If you use Apache Sparks to write your data pipeline, you may need to export or copy data from a source to destination, saving the partition folders between the source and the destination.
When I did an online research about doing this in spark, I learned very little lessons that offer an end-ending solution that worked-especially when the parties will be in deep nest and you will not know that the values ​​of these folders will take the values ​​(for example year=*/month=*/day=*/hour=*/*.csv
,
In this tutorial, I have provided a similar implementation using sparks.
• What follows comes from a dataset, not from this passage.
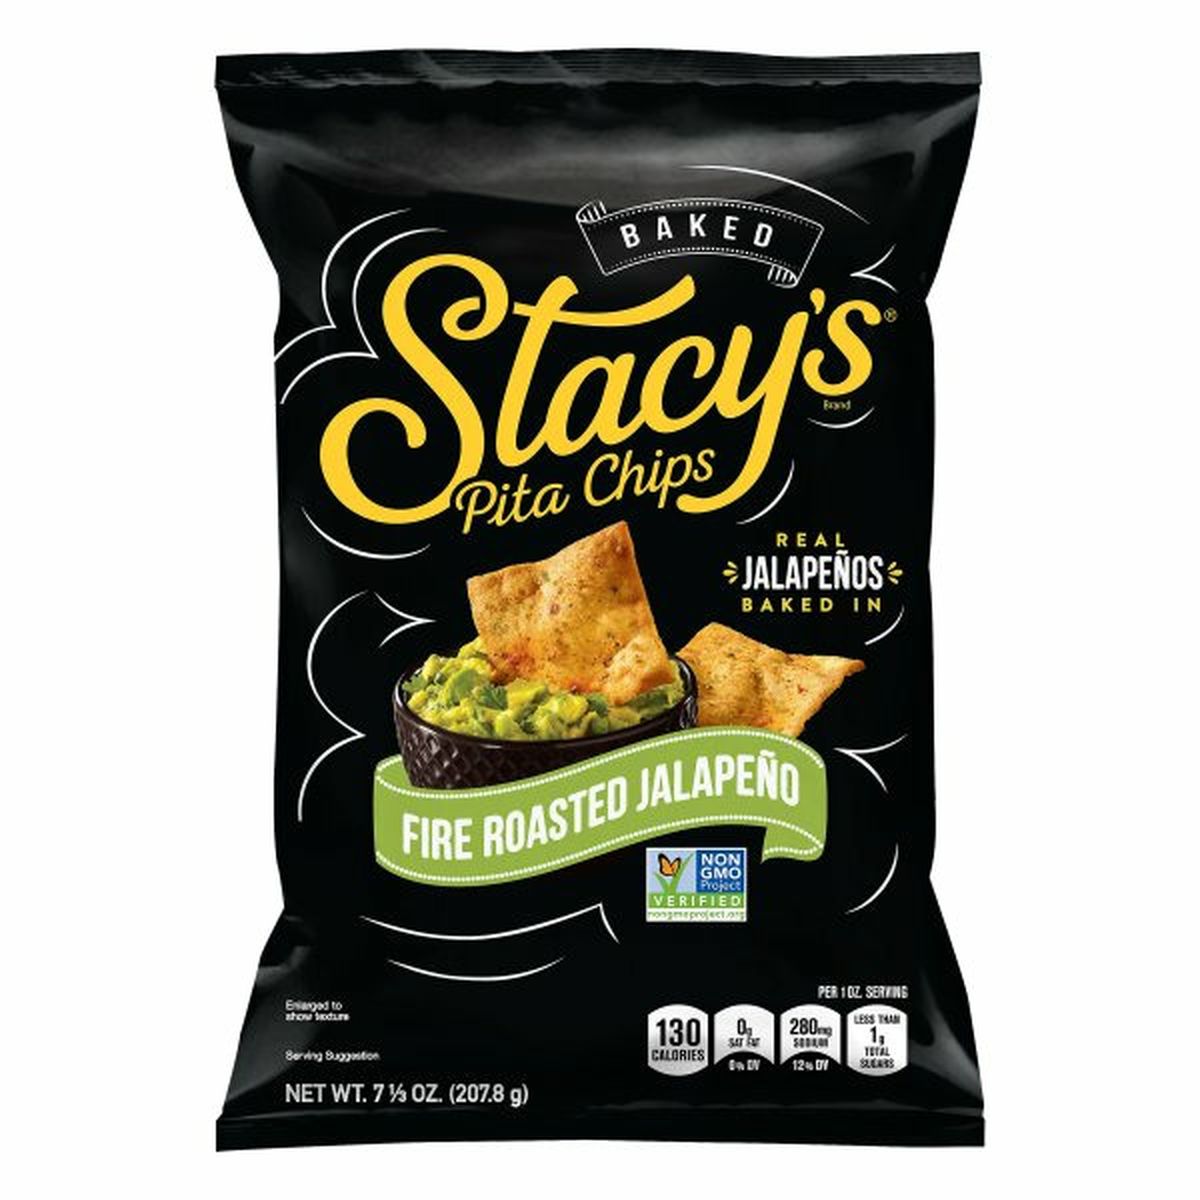 Calories in Stacy's Pita Chips, Fire Roasted Jalapeno

Here’s what we will cover is:
Bet
You also need a basic understanding of computing computing using a framework such as Hudop and Spark, as well as the code that is programmed in language -based language -based languages. The code is examined using dependent below:
Setup
I am assuming that you have a partition folder created on the source with the pattern below (which is a standard partition column that includes the date of date):
year/month/day/hour
Importantly, as I mentioned above, I am assuming that you do not know the full name of the folders – except that they have some permanent examples.
The liar begins
If you think about using
recursiveFileLookup
AndpathGlobFilter
During both reading and writing options, it does not work enough, as the actions mentioned above are only available on readers.If you think about reading and writing on the basis of a possible year/month/day/hour/hour, and if it has not been found related to a partition folder, it can be done, but it will not be more effective.
My solution
After finding some trials and mistakes and in stack overflow and spark documents, I targeted an idea to use his combination input_file_name()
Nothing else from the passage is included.